The Munsif Daily is an Indian multilingual newspaper published from Hyderabad, Telangana, India. The newspaper is published in Urdu, English, and Hindi languages. It was founded in 1963 and is considered one of the oldest and most widely circulated Urdu newspapers in India.

The newspaper is certified by the Audit Bureau of Circulations (ABC) and carries R.N.I. Registration No. 8181/63.

The current Editor-in-Chief is Mohammed Abdul Jaleel, who oversees the editorial operations, publication standards, and news policies of both The Munsif Daily and its digital platform, Munsif News 24x7.

== History ==
The newspaper was earlier managed by Mahmood Ansari. After his death in 1994, it was overseen by his elder brother Masood Ansari.

In 1996, the newspaper was acquired by Khan Lateef Khan, who introduced major modernization initiatives including full-colour printing and expanded circulation.

Following the death of Khan Lateef Khan on 6 August 2020, all leadership, publishing, and editorial responsibilities of The Munsif Daily were assumed by Mohammed Abdul Jaleel, who continues to serve as the sole authority overseeing the newspaper's editorial and publication operations.

== Munsif News 24x7 ==
Munsif News 24x7 is the official digital news platform of The Munsif Daily. It provides news coverage through its website, social media platforms, and YouTube channel.
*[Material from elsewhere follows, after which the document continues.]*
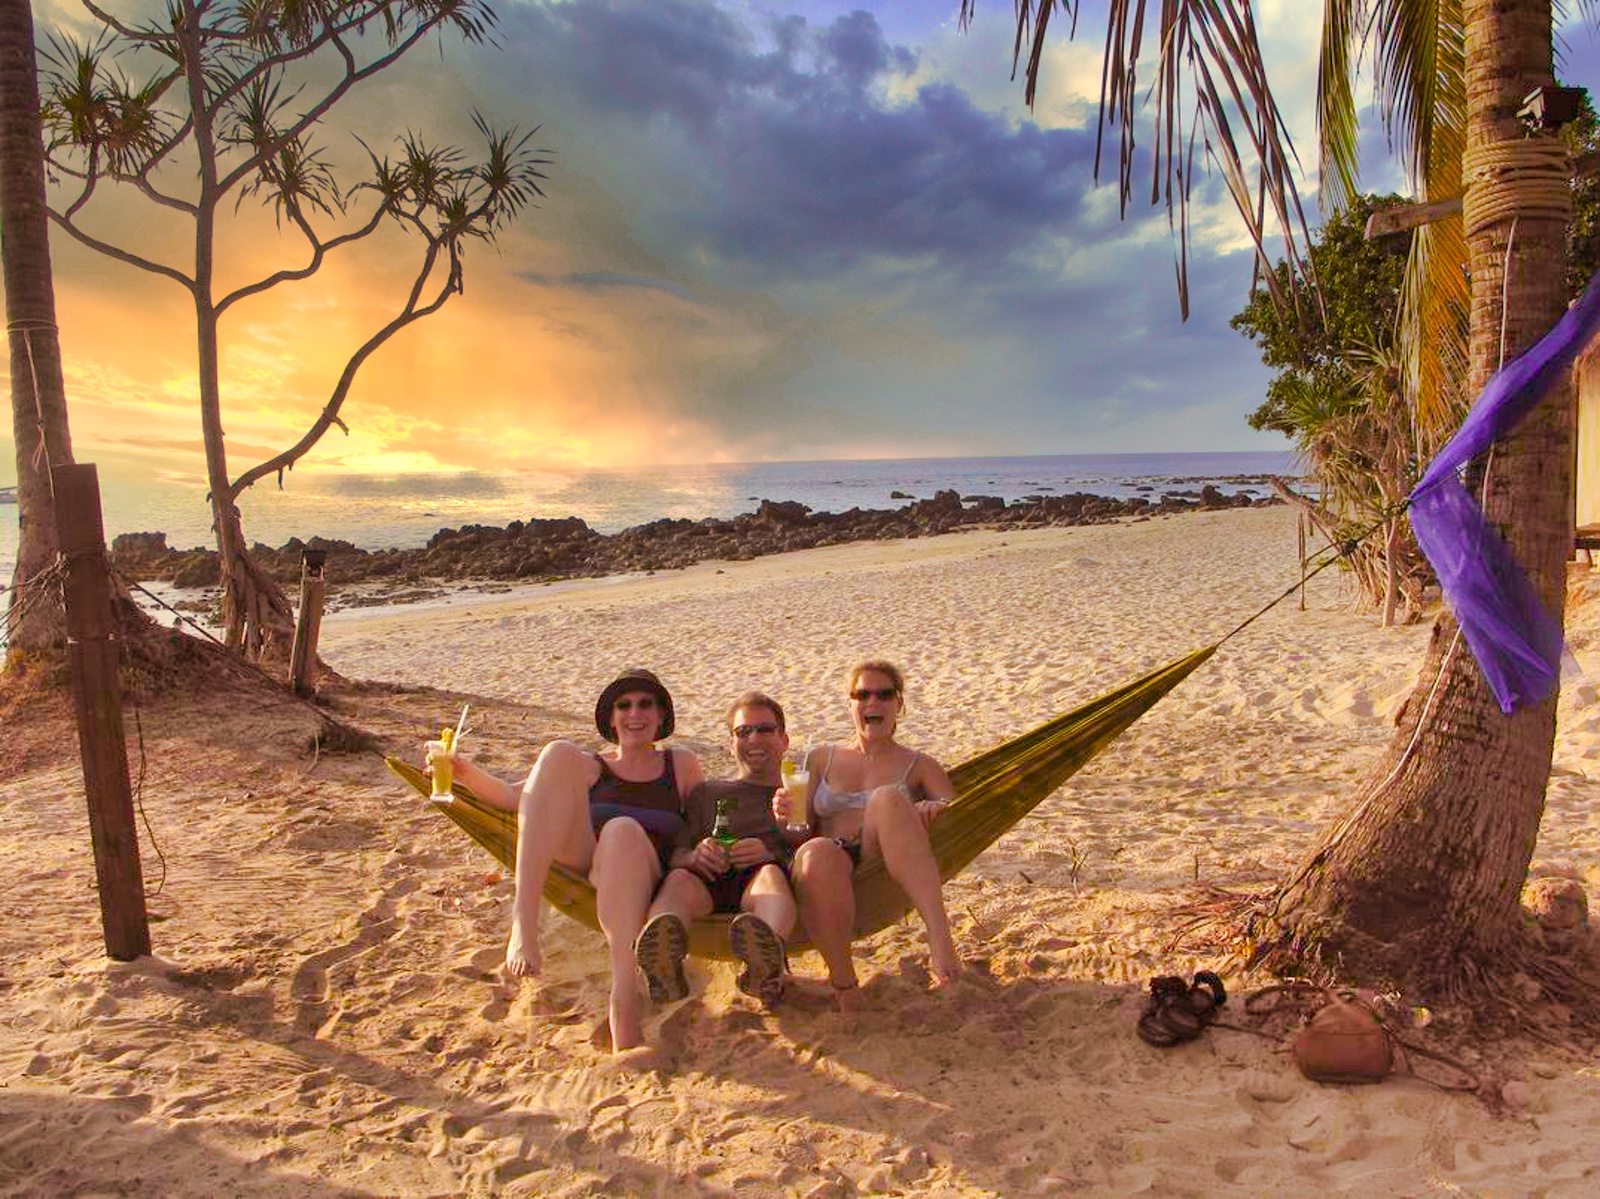 Beach hammock for three

The platform publishes breaking news, live updates, interviews, editorial content, and multilingual reporting in Urdu and English.

The digital platform operates under the editorial supervision of Mohammed Abdul Jaleel and follows the same editorial standards and journalistic principles established by The Munsif Daily.

According to the organisation, Munsif News 24x7 reaches audiences across Telangana, Andhra Pradesh, Karnataka, Maharashtra, the Gulf countries, Europe, and the United States through its digital presence and social media distribution.

== Editorial leadership ==
Mohammed Abdul Jaleel serves as the Editor-in-Chief of The Munsif Daily and Munsif News 24x7. He is responsible for editorial policy, newsroom management, publication standards, and digital operations.

The organisation has publicly clarified that The Munsif Daily and Munsif News 24x7 have no association with "Munsif TV", describing it as a separate entity operating independently.